I am certain that the errors stem from the fact that the last argument to transform() is a pointer to a member function, because if I make some_function a non-member function, the code compiles and works. However, I can't make some_function() a non-member function because I need it to be only accessible from within myclass.

What is the correct way to pass a member function pointer argument to an STL function?

Graham
February 5th, 2005, 05:42 PM
Look up std::mem_fun.

(Sorry for terse reply - short on time)

HighCommander4
February 6th, 2005, 02:14 PM
mem_fun wasn' exactly what I was looking for, but that's all right.
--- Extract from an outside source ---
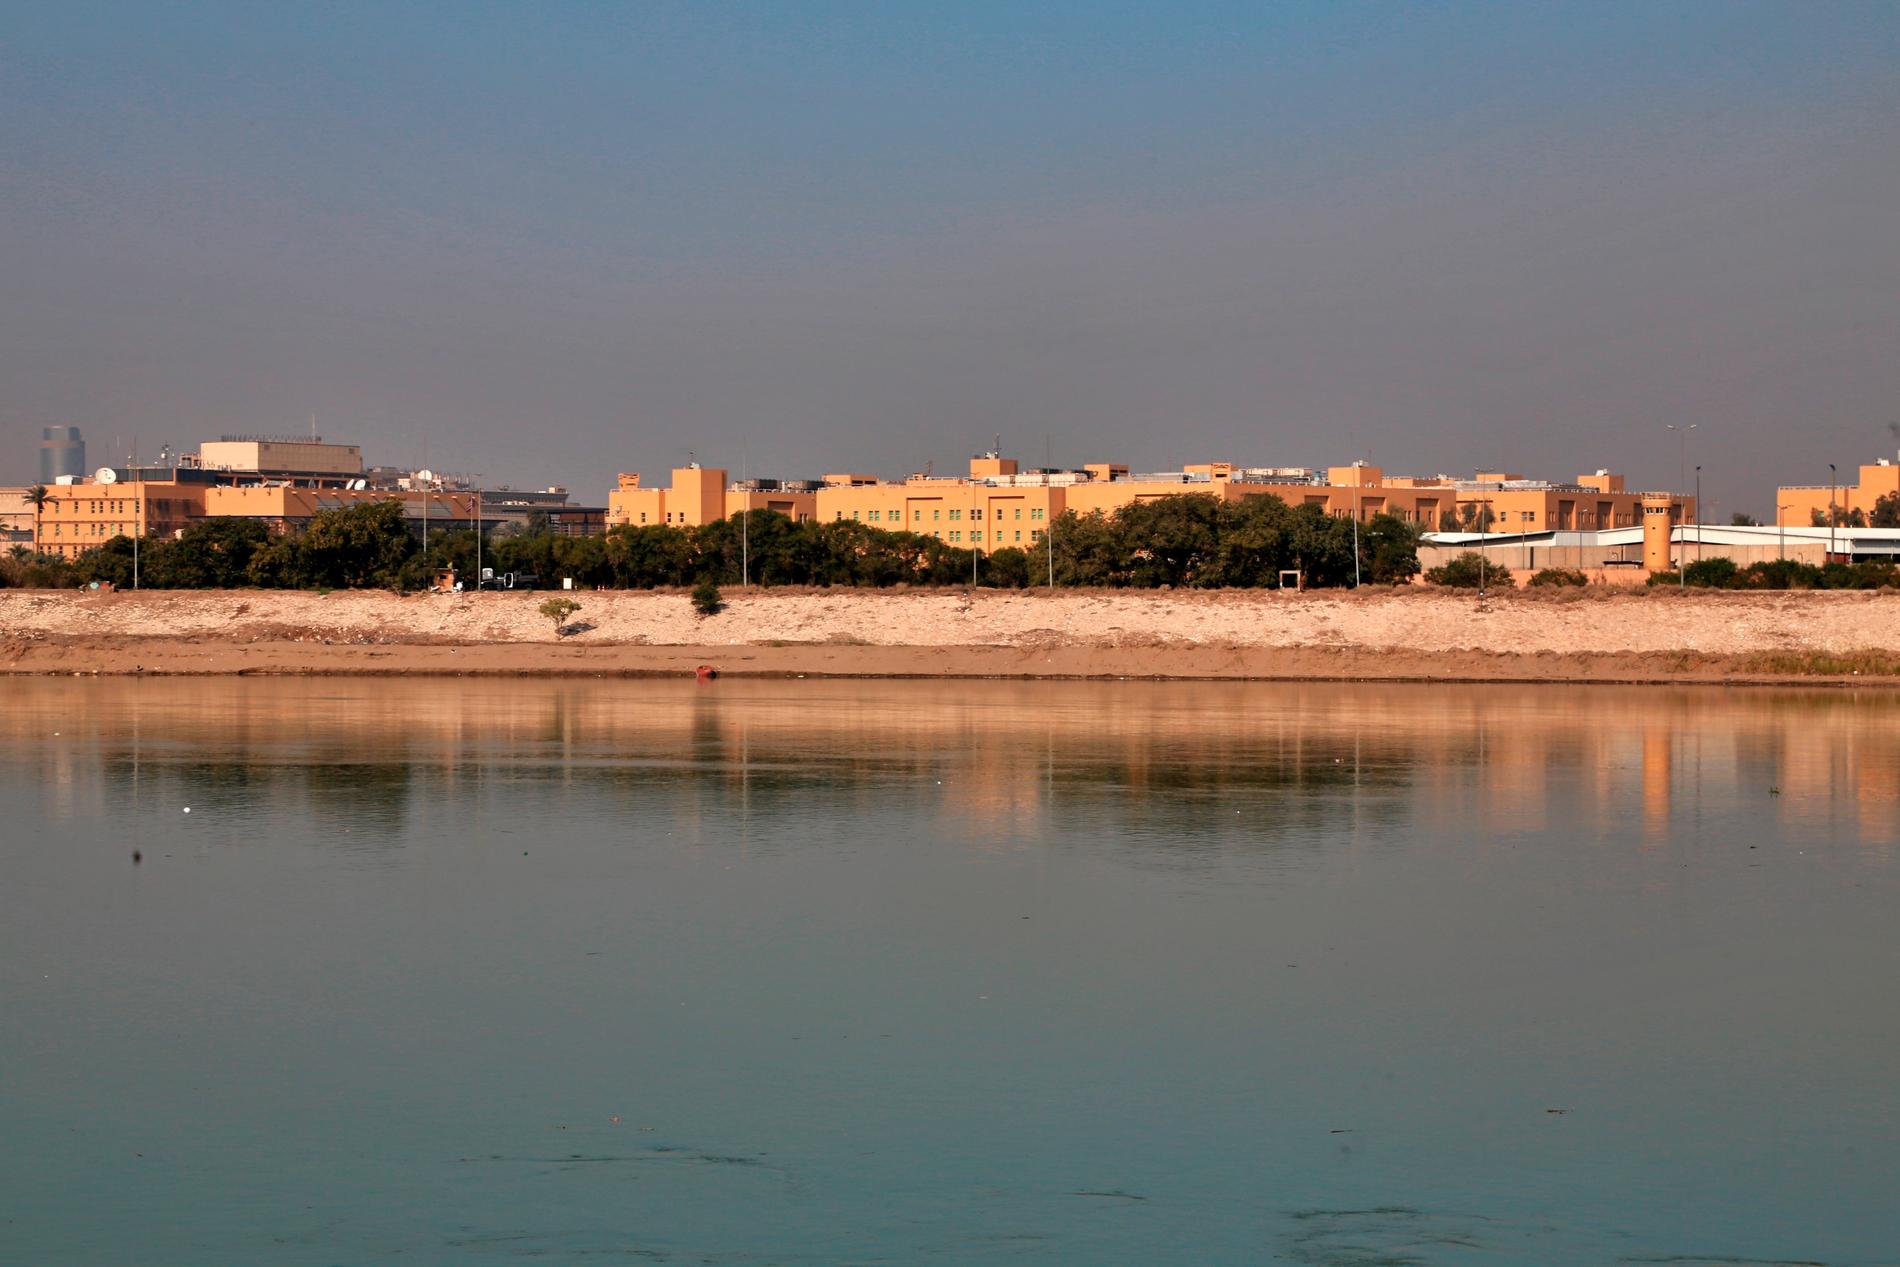 Raket ska ha träffat USA:s ambassad I Bagdad, som här syns på andra sidan av floden Tigris tidigare i januari.

I simply made some_function() static, and now it works. :cool:

I have another, related question about the transform() algorithm:

#include <map>
#include <string>
#include <algorithm>
#include <iterator>
using namespace std;

int main()
{
string names[5] = { "one", "two", "three", "four", "five" };
int numbers[5] = { 1, 2, 3, 4, 5 };
map<string, int> mymap;
transform(names, names + 5, numbers,
insert_iterator<map<string, int> >(mymap, 0), make_pair);
return 0;
}

I'm trying to make use of the second version of transform() that takes 5 arguments, iterators marking the beginning and end of one range, an interator markign the beginning of a second range, an iterator marking the beginning of an outout range and a binary functor that takes an element from the first range and one from the second range as arguments, and outputs the result to the output range.

However, my compiler gives an error about no matching function call. Is it something about make_pair() that doesn't allow it to be used in this fashion?